Irish minister champions fintech’s public policy potential

By on 22/05/2023 | Updated on 22/05/2023
A group shot at the Global Government Fintech Lab 2023 in Dublin
Credit: Deirdre Brennan for Global Government Fintech

Ireland’s minister of state with responsibility for financial services has championed the role that financial technology “can play for governments in the future as we look to achieve our public policy goals” in a speech in Dublin.

Jennifer Carroll MacNeill gave the opening keynote speech at the Global Government Fintech Lab 2023. The one-day event, held on 18 May, attracted an international array of speakers from nations including Azerbaijan, Bermuda, Croatia and Israel, as well as participants from Canada, Costa Rica and New Zealand, to Ireland’s capital.

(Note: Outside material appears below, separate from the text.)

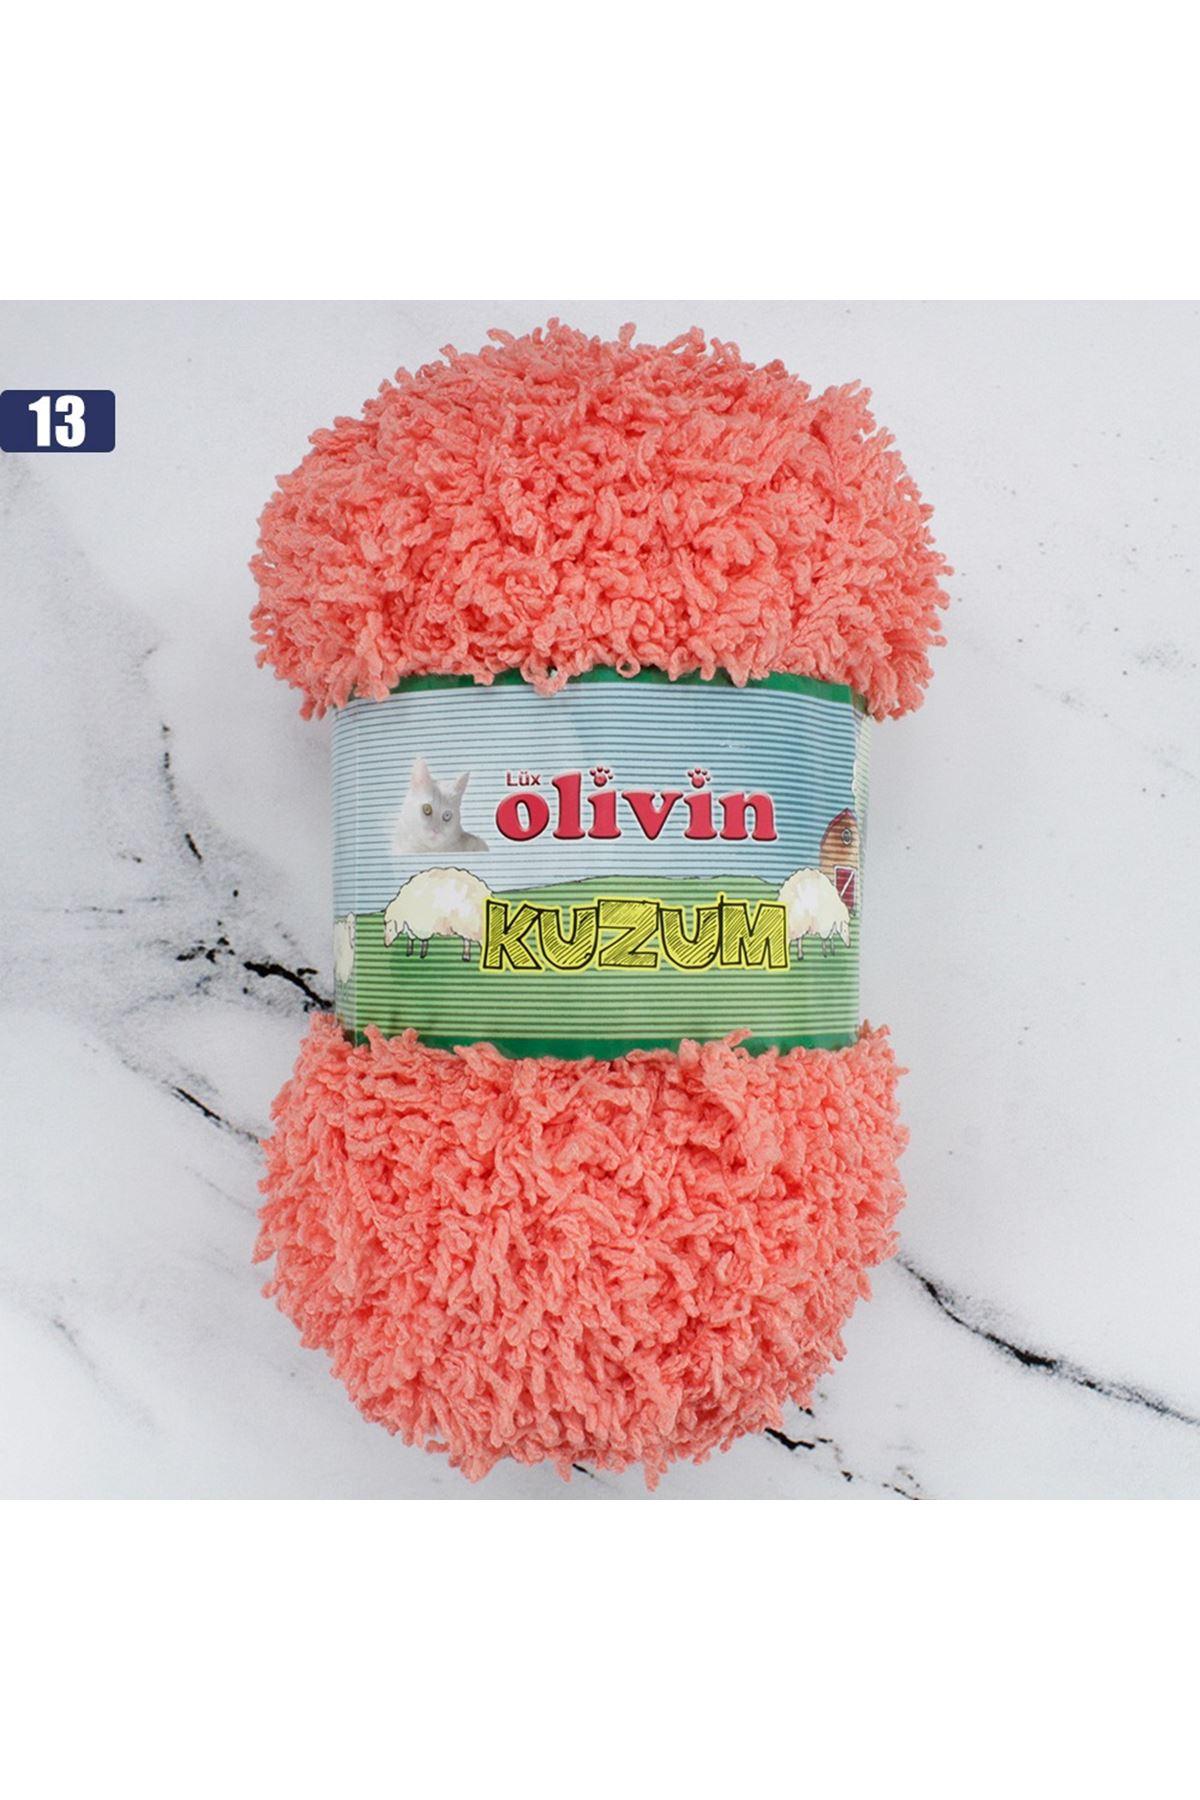 Olivin Kuzum 13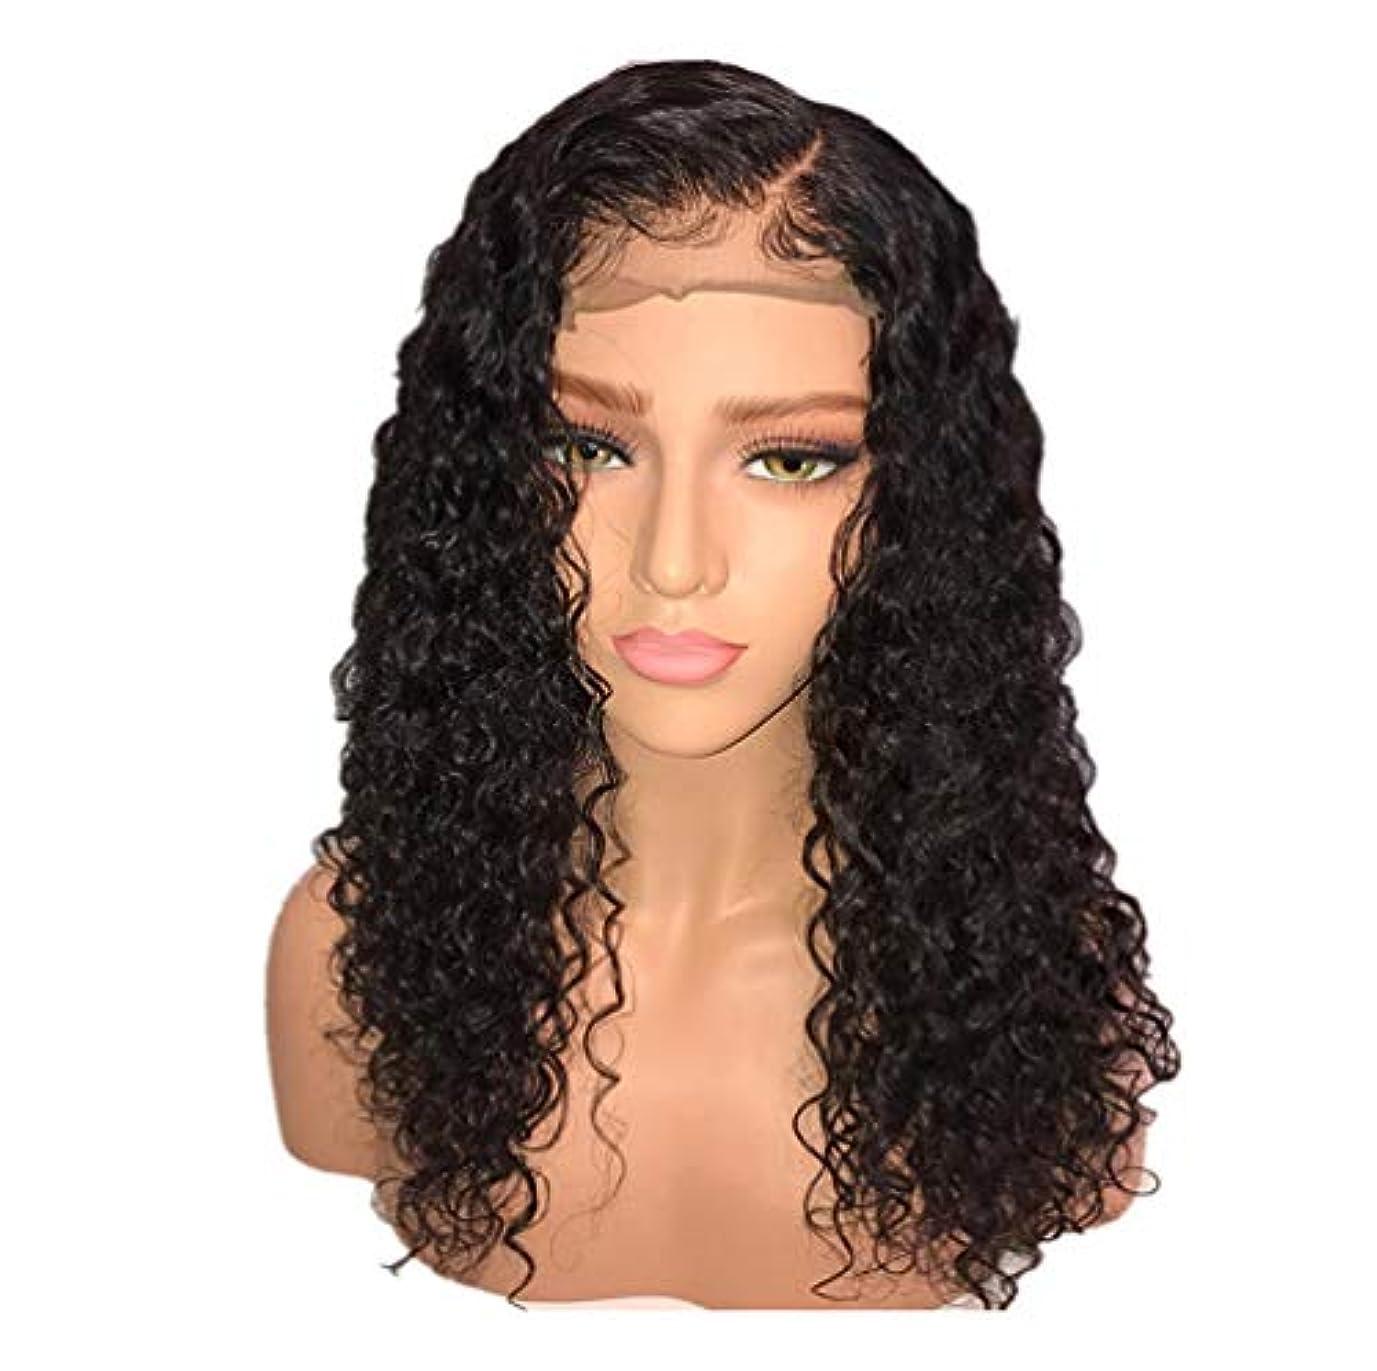 挑む理論的落胆させるかつら女性150%密度ブラジルロングヘアウィッグナチュラルウェーブカーリーレースフロントかつらベビーヘア付き

Carroll MacNeill, whose brief also includes responsibility for credit unions and insurance, took up her ministerial role in December 2022. “Over five months since my appointment as minister in the department, I have come to realise just how important digital finance and fintech is for government policy and how the partnership with industry works in practice,” she said at the event, which was held at Dublin Castle’s Printworks venue in the European Union (EU) member state capital and broadcast globally via a live stream.

“While I knew when I was taking up this role in government that the technology transition we are living through is a defining moment not just for Ireland, the EU and the world, it is becoming increasingly clear to me that we are still in the very early stages of the fintech era,” she went on to say.

But she said that “if we are still early in the fintech journey, it provides both the public and the private sector the scope to be strategic in our actions and the space to be ambitious in setting our objectives.”

“I would encourage everyone here in both the public and the private sector to be ambitious in their engagement and in how we take forward our fintech plans in our organisations,” she urged the audience. If governments “can properly execute on our strategic goals, we can be a positive force for achieving greater scale for the existing players and innovative start-ups,” she said.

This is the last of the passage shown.